- Rabe in 2026
- Born: June 29, 1982 (age 44) New York City, New York, U.S.
- Education: Northwestern University (BA)
- Occupation: Actress
- Years active: 2001–present
- Partner: Hamish Linklater (2014–present)
- Children: 3
- Parents: David Rabe; Jill Clayburgh;

= Lily Rabe =

American actress (born 1982)

Lily Rabe (born June 29, 1982) is an American actress. She is best known for her multiple roles on the FX anthology horror series American Horror Story (2011–2021). For her performance as Portia in the Broadway production of The Merchant of Venice, she received a nomination for the Tony Award for Best Actress in a Play.

Her film credits include What Just Happened (2008), All Good Things (2010), Pawn Sacrifice (2014), Miss Stevens (2016), Golden Exits (2017), Vice (2018), Fractured (2019), and The Tender Bar (2021). On television, she appeared in the series The Whispers (2015), The Undoing (2020), The Underground Railroad (2021), and The First Lady (2022).

==Early life==
Rabe was born on New York City's Upper West Side, the daughter of playwright David Rabe and actress Jill Clayburgh. She has a younger brother, Michael, an actor and playwright; and an older paternal half-brother, Jason, a musician. Her father is Roman Catholic, her maternal grandfather was Jewish, and her maternal grandmother was Protestant. Rabe was raised in Bedford, New York, but moved to Lakeville, Connecticut, when she was in seventh grade, where she attended the Hotchkiss School.
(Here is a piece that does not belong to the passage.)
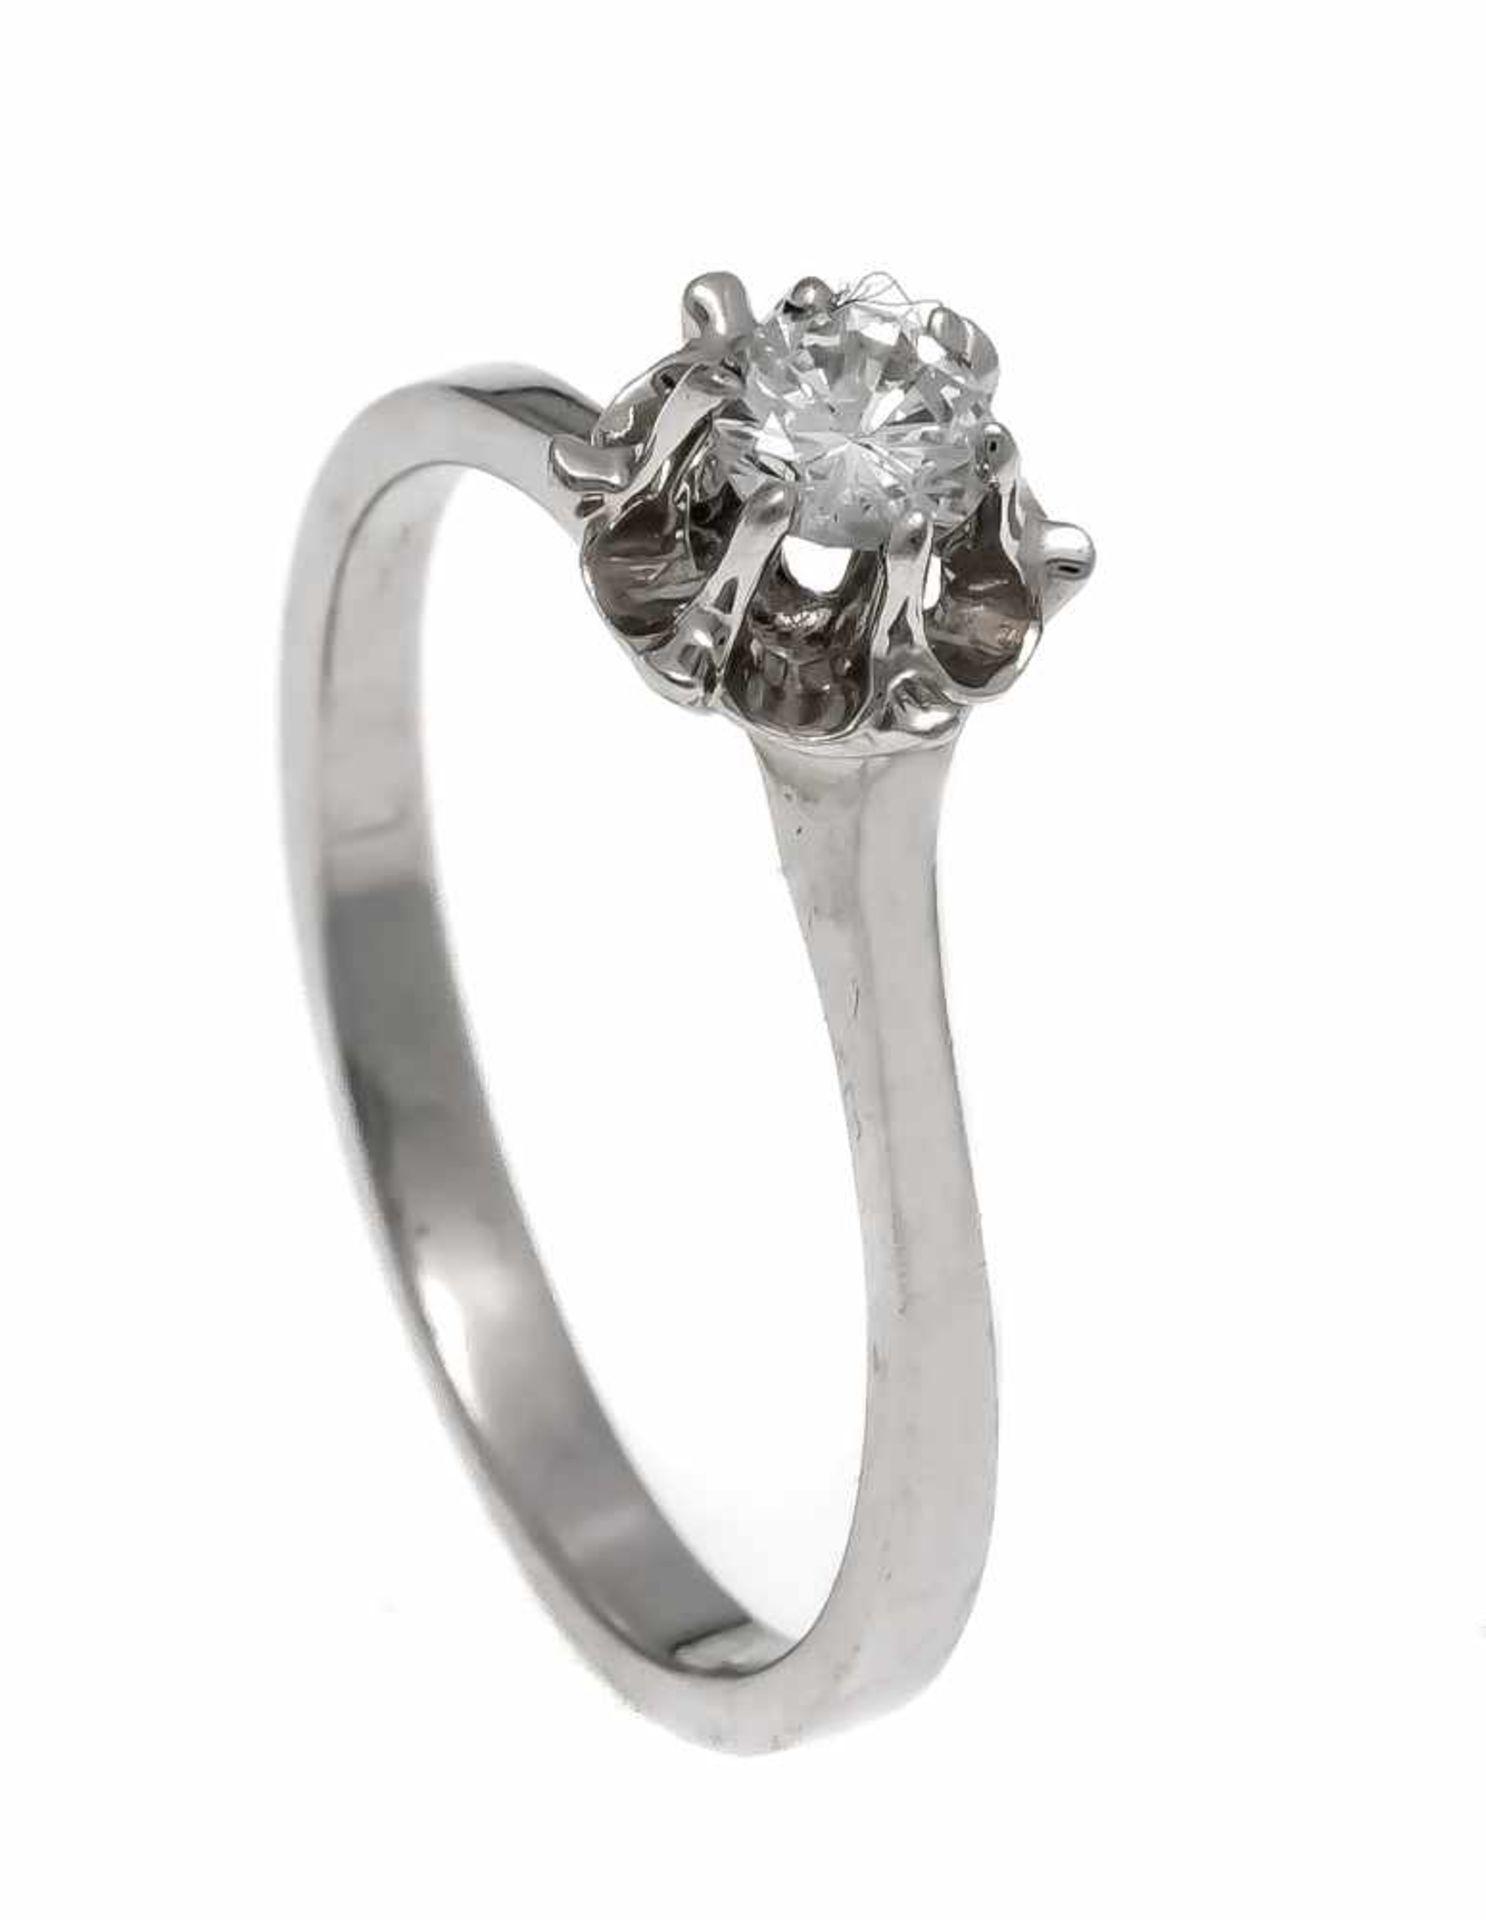 Brillant-Ring WG 585/000 mit einem Brillanten 0,25 ct W/SI, RG 56, 2,7 gDiamond ring WG 585 / 000

Rabe studied dance for ten years. She was teaching ballet at a summer arts program in Connecticut when she was approached by the program's acting instructor, who asked her to perform a monologue in the final production. She read a monologue from the play Crimes of the Heart by Beth Henley. She said, "It was that moment, performing that monologue, that made me think, 'Maybe this is what I wanna do'." She then went on to study acting at Northwestern University, graduating in 2004.

==Career==

===Early years===
In 2001, Rabe made her screen debut opposite her mother Jill Clayburgh in the film Never Again. She made her professional stage debut, again opposite her mother, at the Gloucester Stage Company in Massachusetts. She starred in two one-act plays, Speaking Well of the Dead by Israel Horovitz and The Crazy Girl by Frank Pugliese, roles that enabled her to get an Equity Card. In July 2003, she returned to the Gloucester Stage Company to appear in Proof by David Auburn. That year, she also appeared in the film Mona Lisa Smile. After graduating, she moved back to New York. From September 29 through October 2, 2004, she appeared in White Jesus by Deirdre O'Connor, one of a series of one-act plays presented as The Democracy Project from the Naked Angels Theater Company.
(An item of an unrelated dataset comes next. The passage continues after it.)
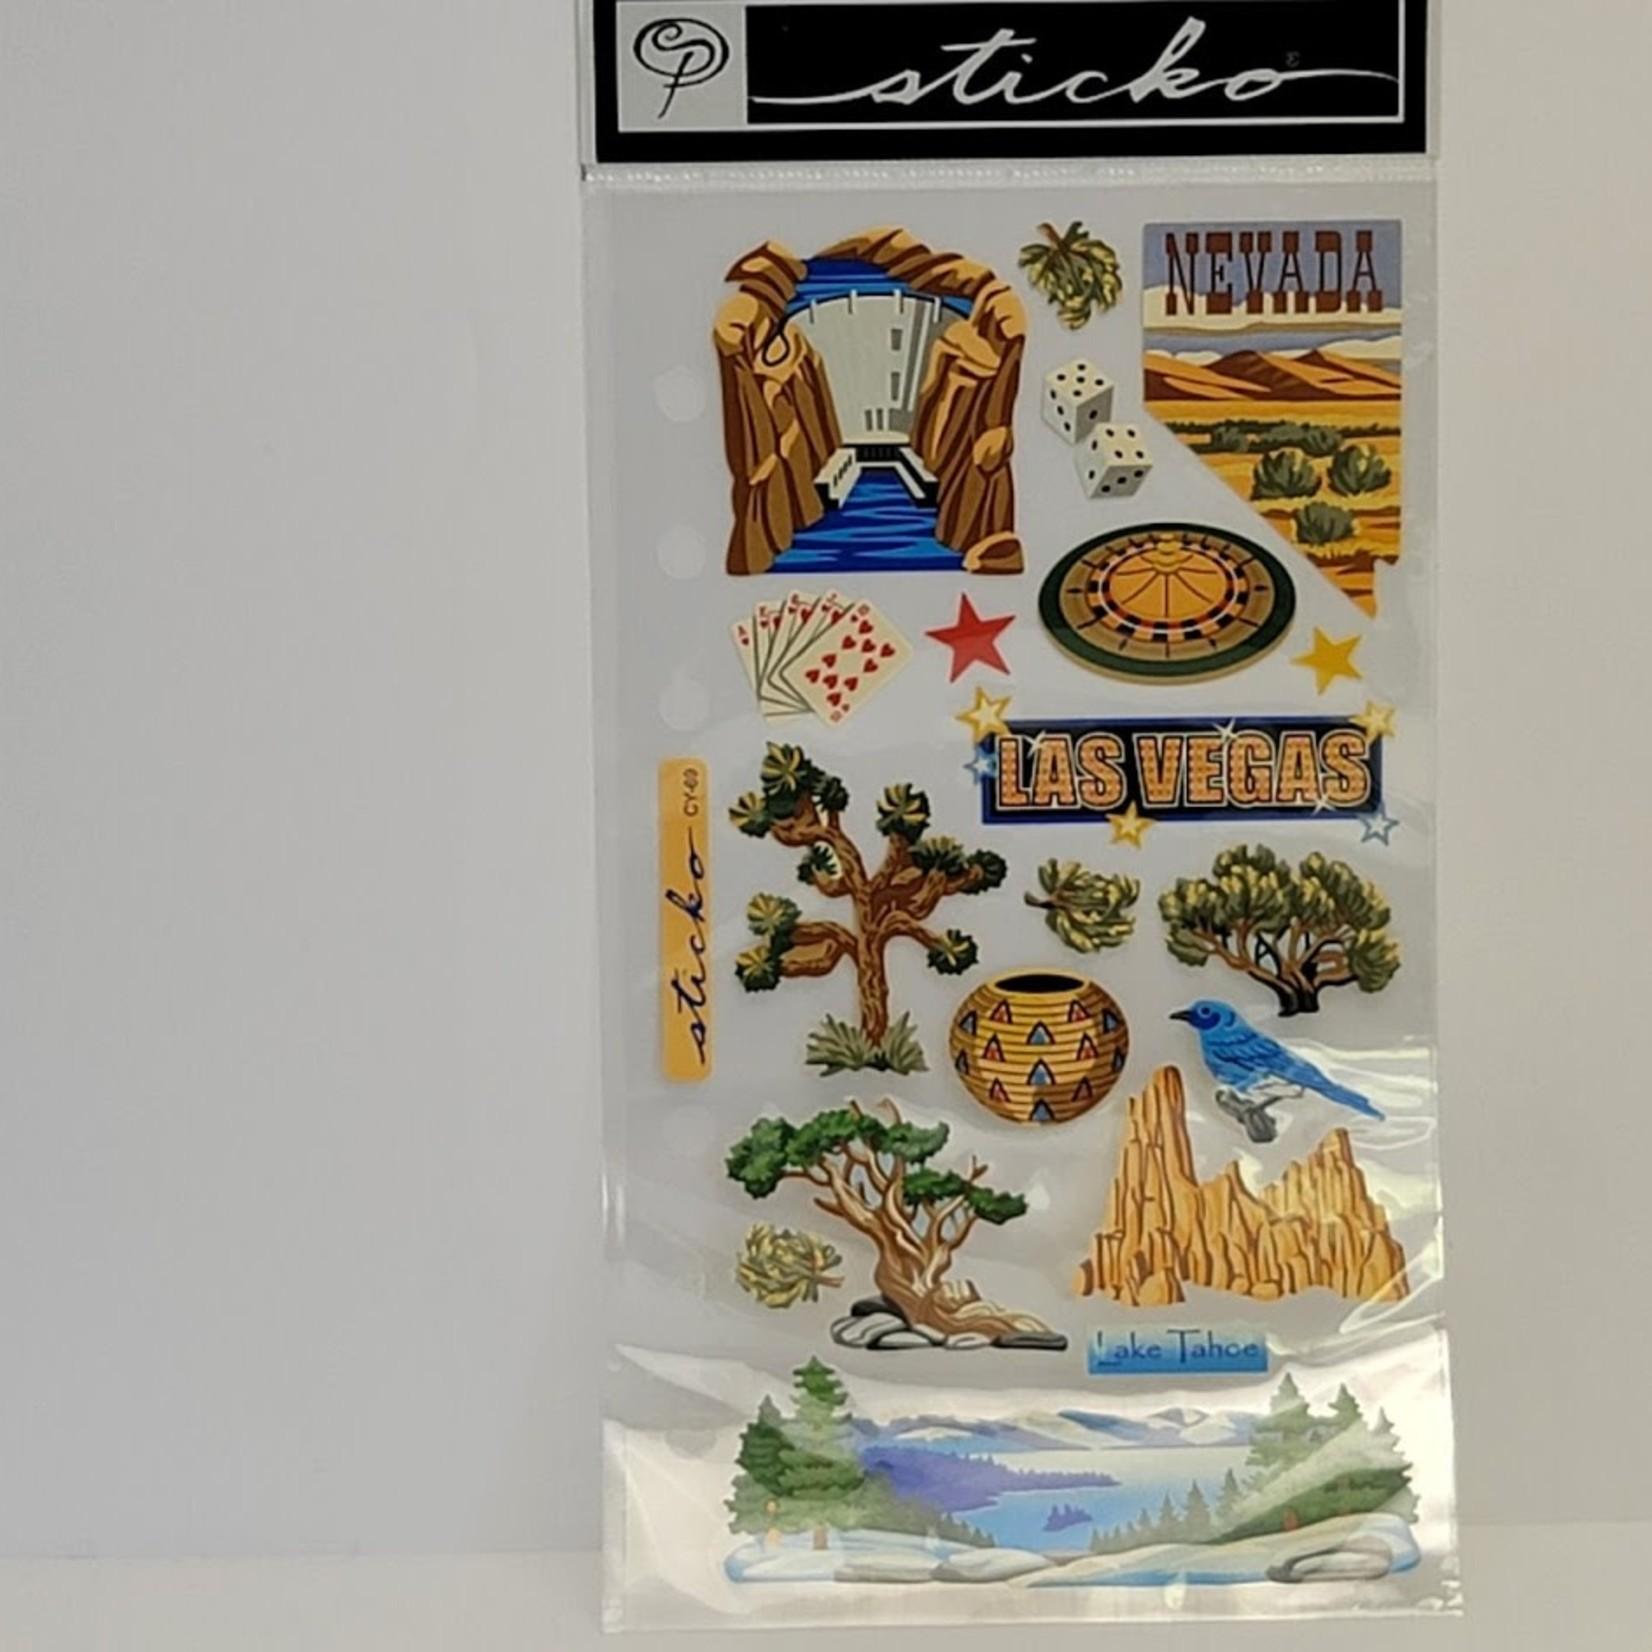 Sticko - Stickers - Las Vegas

On January 21, 2005, she took part in a workshop production of The Best Little Whorehouse in Texas at the Roundabout Theatre Company, directed by Joe Mantello. She made her Broadway debut as Annelle Dupuy-Desoto in the 2005 revival of Steel Magnolias by Robert Harling, directed by Jason Moore for which she was nominated for a Drama Desk Award. She had been cast in the play Sisters of the Garden, but had to drop out after being cast in Steel Magnolias. From September through to October 2005, she appeared in the American premiere of Colder Than Here by English playwright Laura Wade at the MCC Theater, prompting New York Magazines Jeremy McCarter to call her performance "one of the best breakthroughs" of 2005. From September to December 2006, she played Ellie Dunn in Roundabout Theatre Company's production of Heartbreak House by George Bernard Shaw. In 2007, she appeared in the film No Reservations.

In August 2007, Rabe appeared in Crimes of the Heart at the Williamstown Theatre Festival, the directorial debut of actress Kathleen Turner. In 2008, the production moved Off-Broadway to the Laura Pels Theatre, where it was staged by the Roundabout Theatre Company and ran from February 14 to April 13. During a rehearsal, a piece of the set fell on Rabe, leaving her with a fractured rib and causing her to miss a week of preview performances; the opening night was changed from February 7 to February 14.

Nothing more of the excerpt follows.